Sunday, March 30, 2008

A Sniff


III- More Petra

Nothing hits harder than the music knife to the heart, nothing makes you miss home more, “nothing feels better than blood on blood”, the Boss competing with the sunset over Petra and the call to prayer. Sunset’s like my call to prayer, too. It’s when I reflect- reflect like a windshield in the drowning western sun, take what the day has given me and shine it out there, most times to no-one.
What’s really going on, what’s the buzz, Al-Jazeera TV for the masses, oh yeah there’s a world out there, this is some real news, and they’re showing truck bombs in Afghanistan and I’m covering my mouth with my hand, but this isn’t hype, it’s truth. Or pretty close for the media anyway. I watch as much Al-Jazeera as I can, I’m a learning robot. Wish we had news at home. Now I’m here in the Middle East, half a day’s drive from Iraq, (like driving to Kamloops, or Portland), the familes on TV aren’t just digital puppets anymore, tragic marionettes. They are families. They run super-markets. Their kids give them hell. This sounds clitchy, but I understand these images a little better all of a sudden. Men weeping, walking behind coffins, blood on the streets- I’ve seen the streets here, and they look the same. Streets shouldn’t have blood on. People are people, most of em peaceful, if I had the balls I’d go to Iraq and see for myself, but I don’t want to be kidnapped to prove someone’s point. I just understand a little more now.

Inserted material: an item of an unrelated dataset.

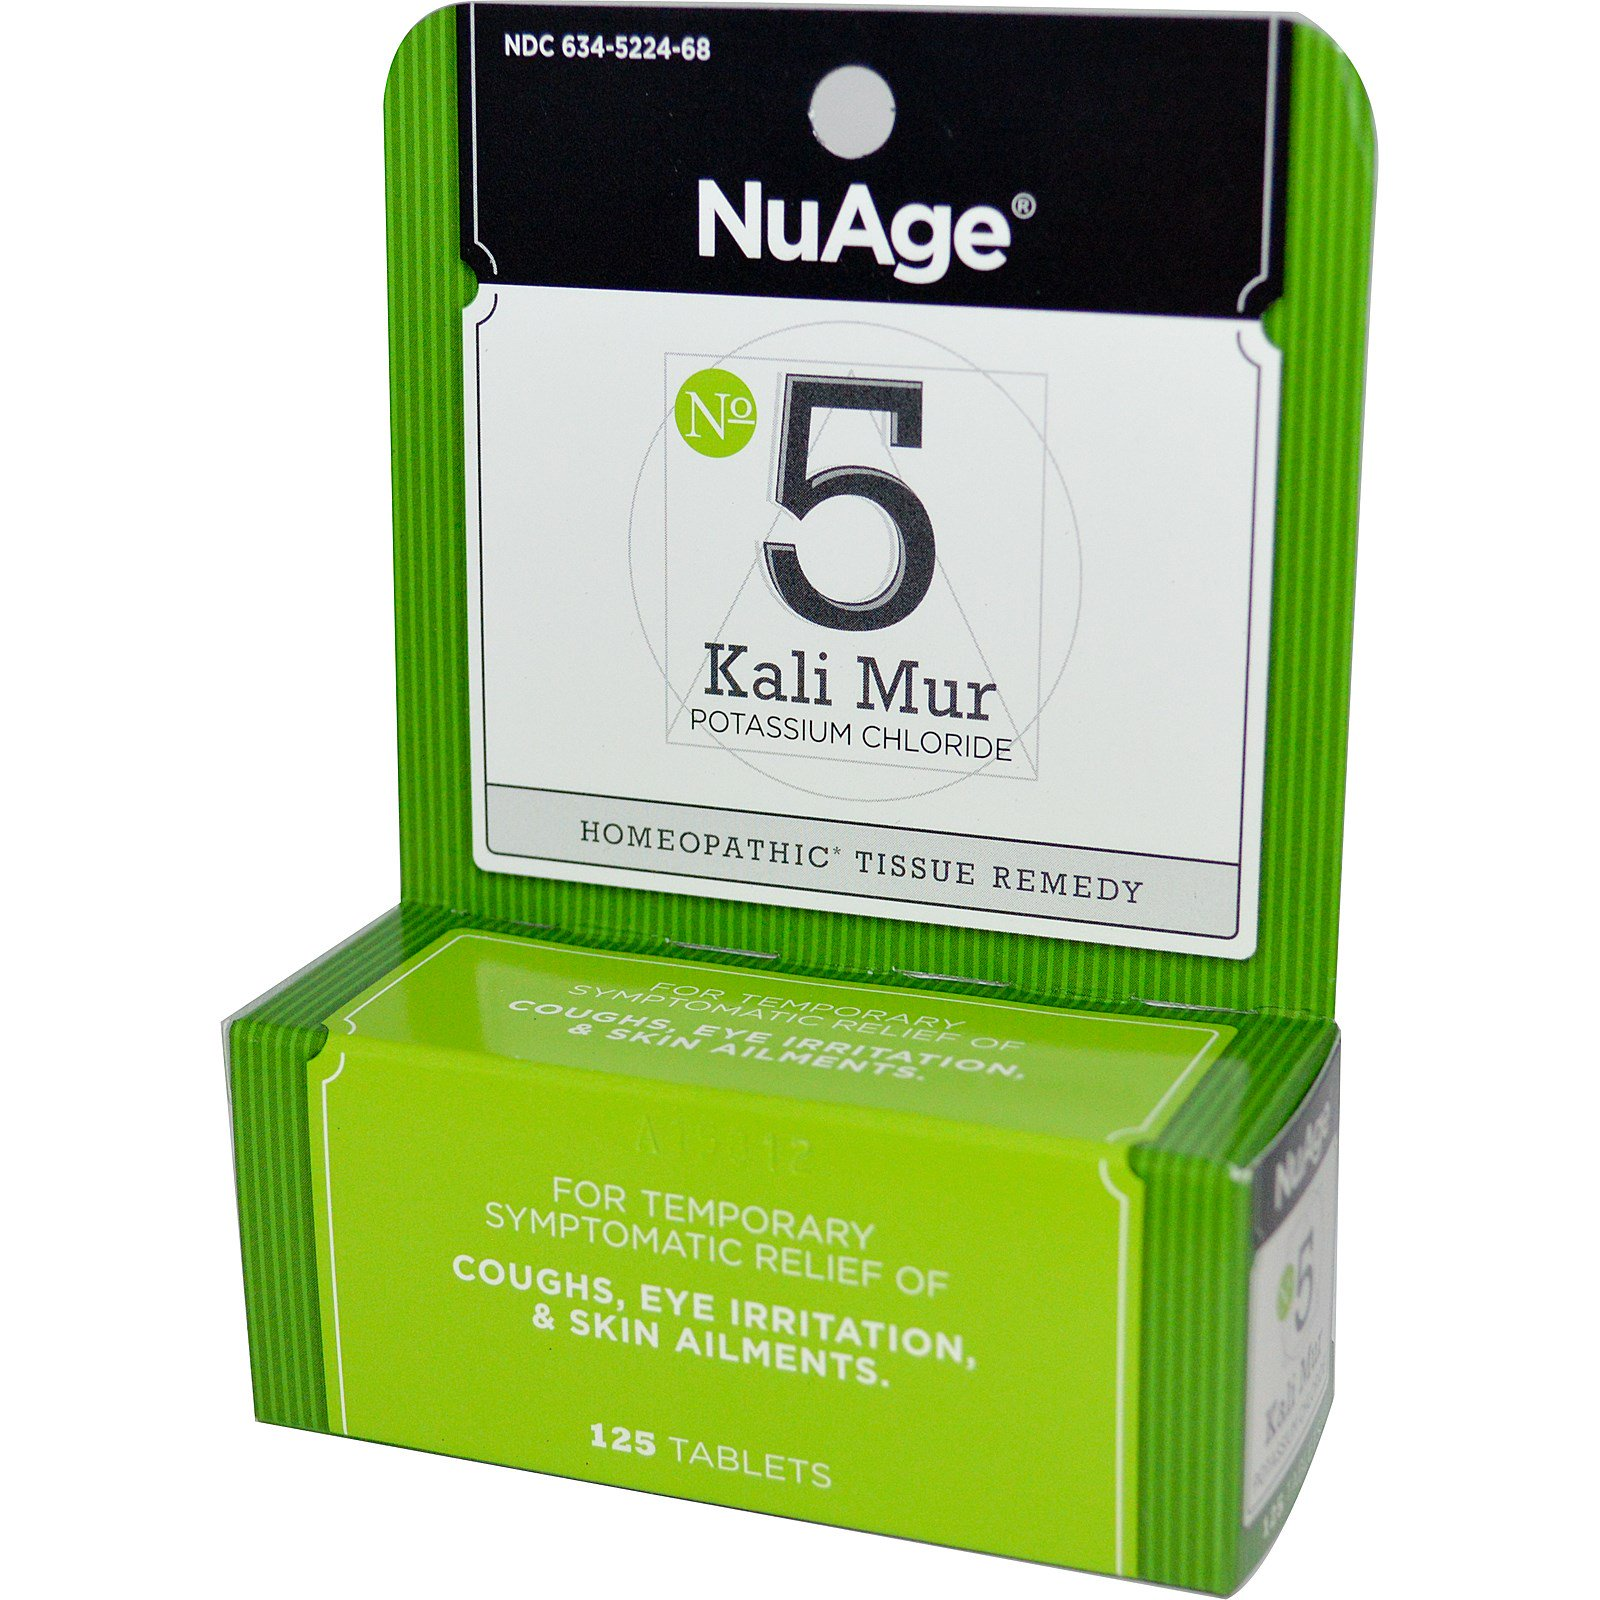 Hyland's, NuAge, No 5 Kali Mur Potassium Chloride, 125 Tablets  (Discontinued Item)

Jordan flags are in every car and the Arabic- beautiful and thick like caramel in the throat, but you haven’t heard an argument till you hear it in Arabic. I’m just trying to finish my shwarma, guys, but the kid with the ponytail, the Che shirt, the eyeliner is yelling hot caramel at the waiter, and then there’s attempted punches, a kick to the chest that connects, I’m so hungry I slide the extra chair in beside me, but keep chewing. Everyone holds everyone back. The kid was being rude to the Egyptian waiter because he’s Egyptian. I could see the kid was trouble, you don’t need to speak the language to know. Finished that shwarma. Climbing mountains will make you hungry.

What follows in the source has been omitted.